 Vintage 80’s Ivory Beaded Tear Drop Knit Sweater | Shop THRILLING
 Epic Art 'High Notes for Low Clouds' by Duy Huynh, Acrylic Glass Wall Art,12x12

═══

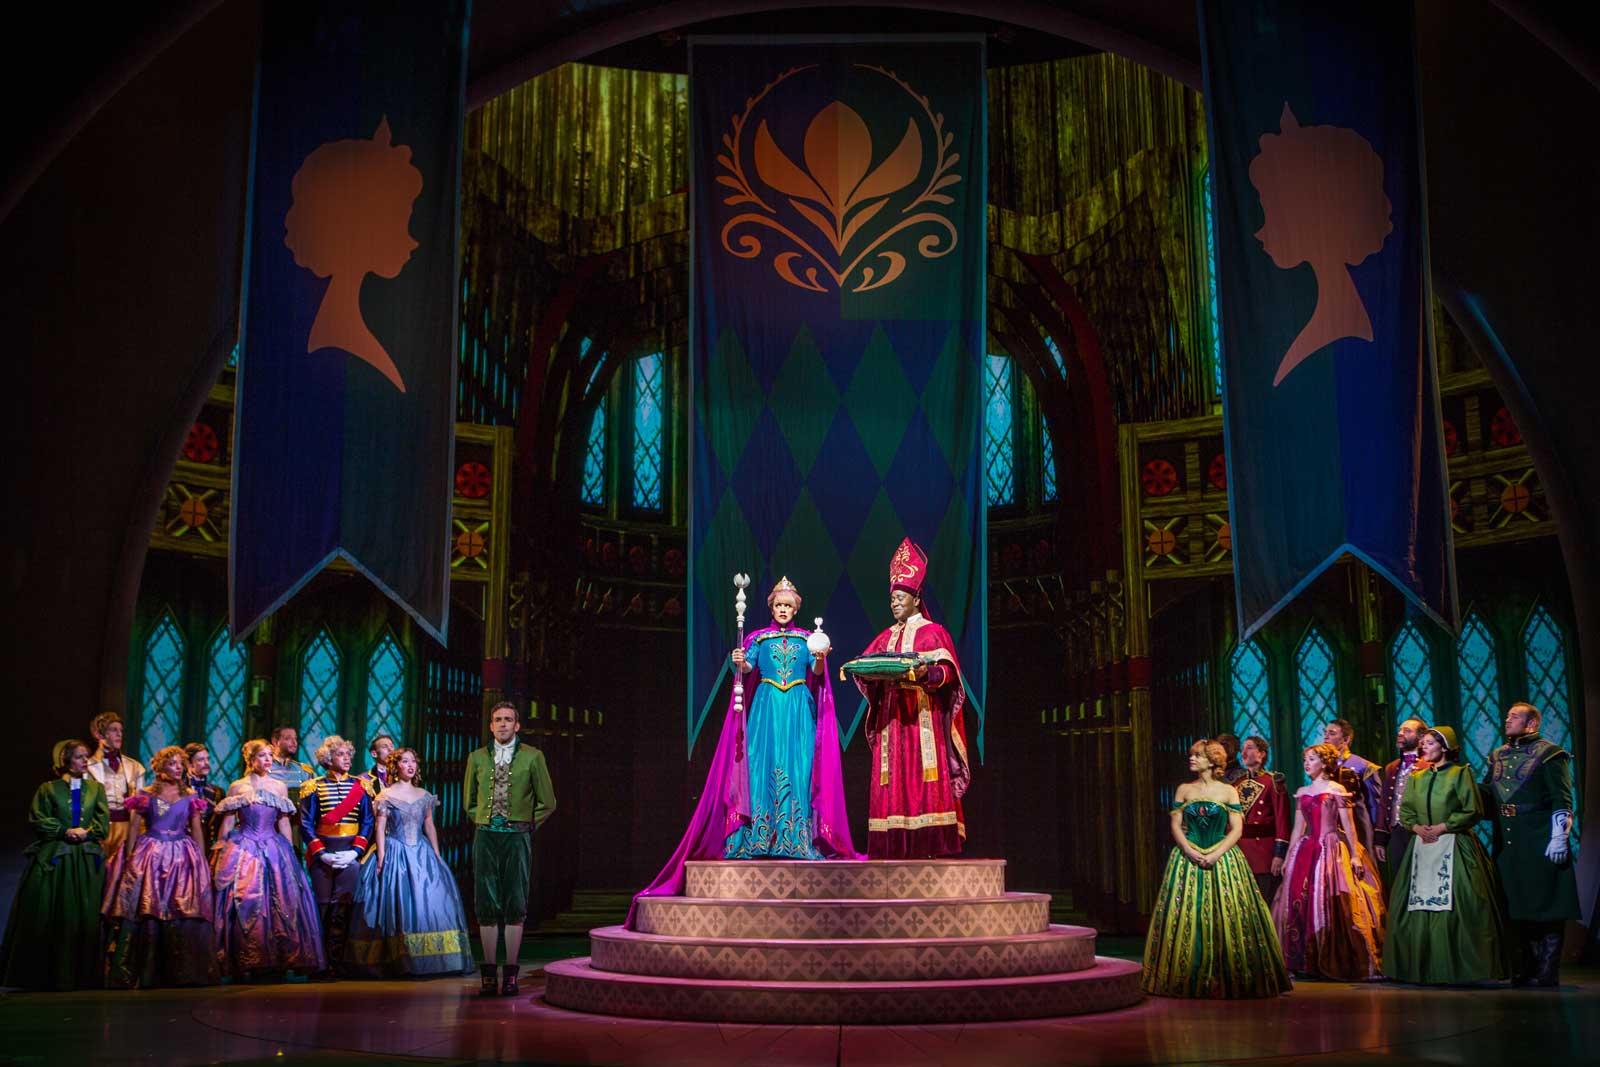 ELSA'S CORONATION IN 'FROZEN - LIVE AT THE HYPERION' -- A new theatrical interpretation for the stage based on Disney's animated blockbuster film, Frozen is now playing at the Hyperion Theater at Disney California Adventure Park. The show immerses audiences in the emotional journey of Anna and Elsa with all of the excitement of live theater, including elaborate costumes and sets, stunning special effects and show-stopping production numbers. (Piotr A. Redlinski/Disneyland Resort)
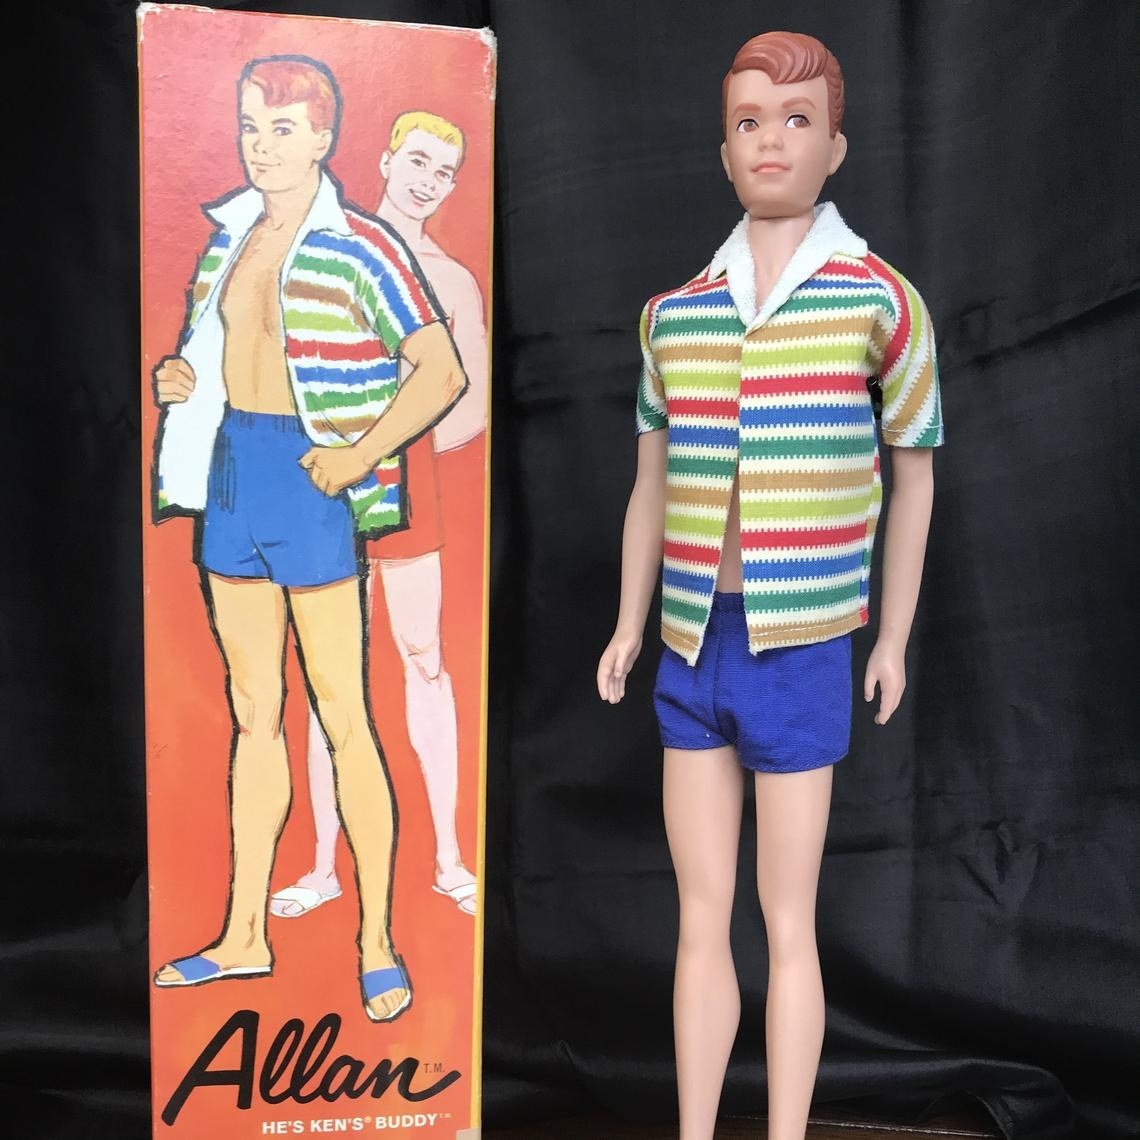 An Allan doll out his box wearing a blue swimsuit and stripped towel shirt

═══

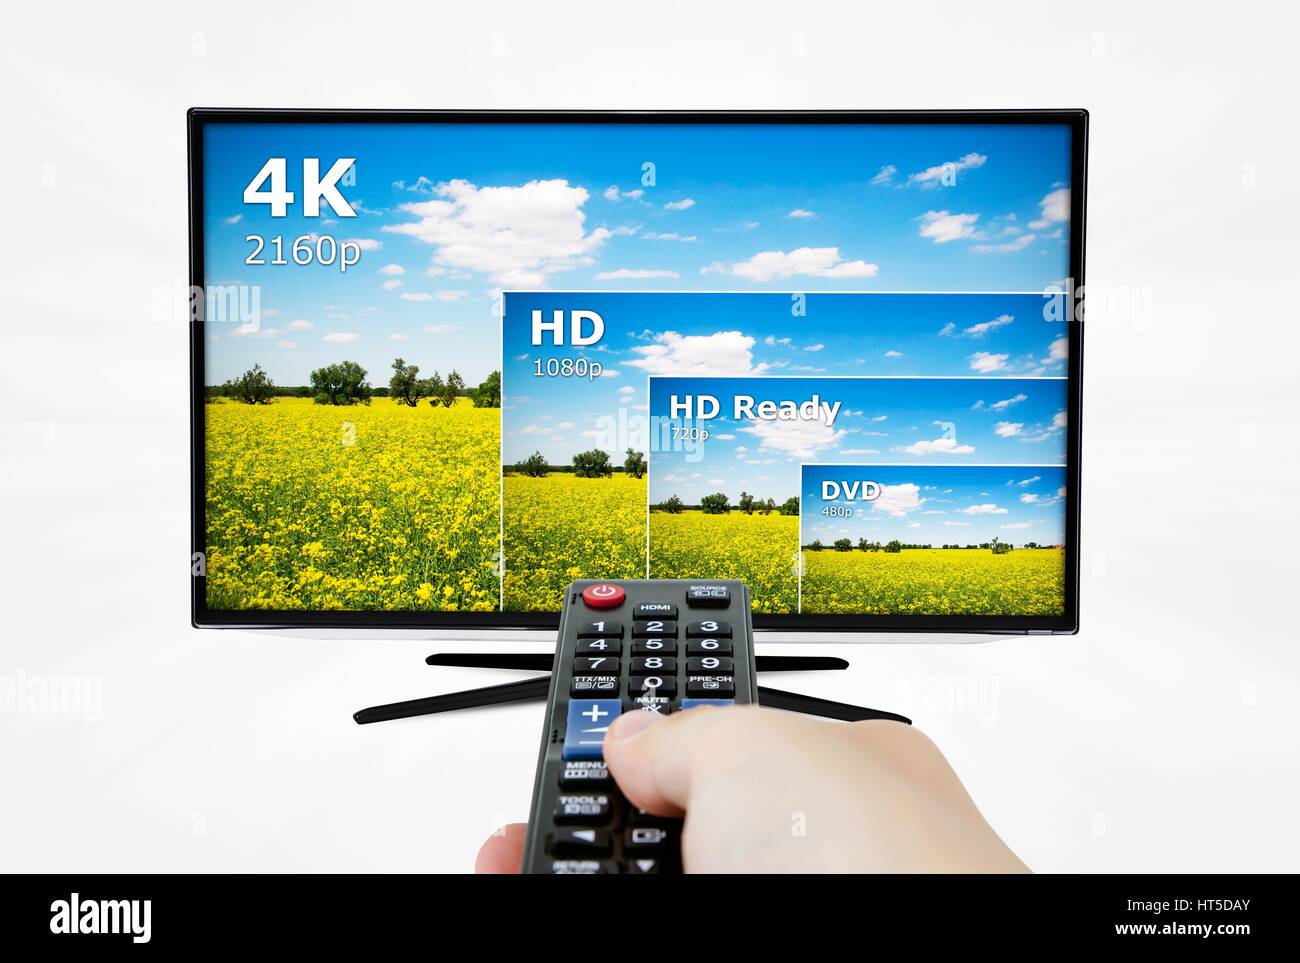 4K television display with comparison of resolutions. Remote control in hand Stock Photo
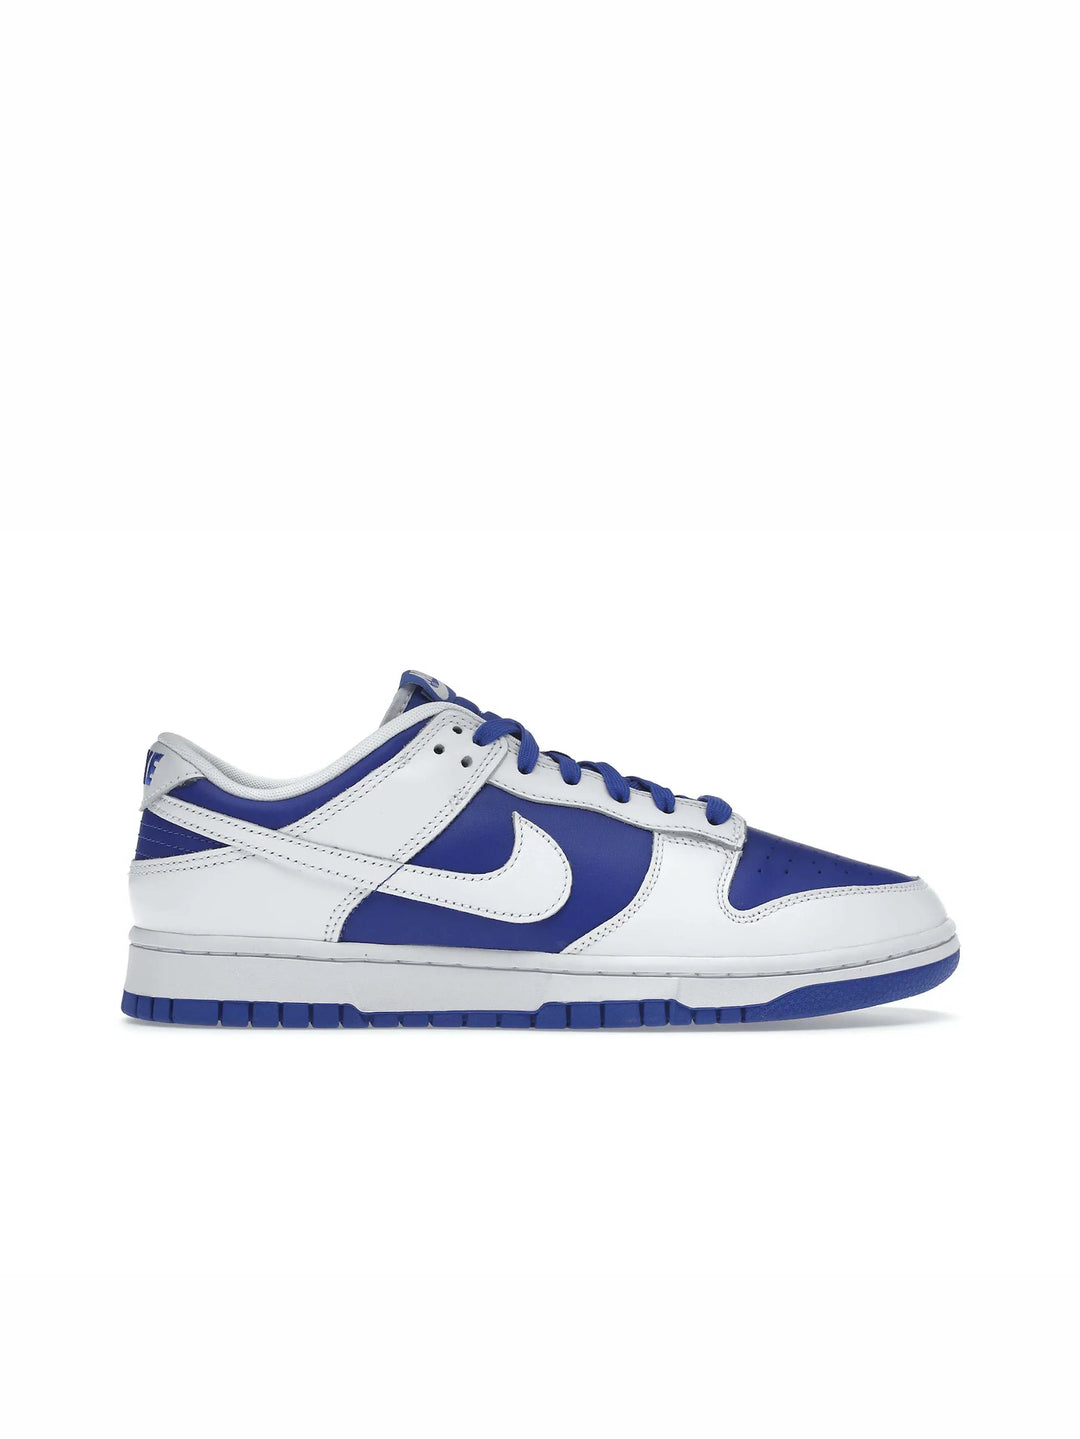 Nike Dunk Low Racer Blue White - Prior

═══

**WORK TO BE COMPLETED:**
Please copy, exactly as written, every line in the listing above from the line with "Vintage 80’s Ivory" up to and including the line with "Epic Art 'High".

**EXERCISE OUTPUT:**
 Vintage 80’s Ivory Beaded Tear Drop Knit Sweater | Shop THRILLING
 Epic Art 'High Notes for Low Clouds' by Duy Huynh, Acrylic Glass Wall Art,12x12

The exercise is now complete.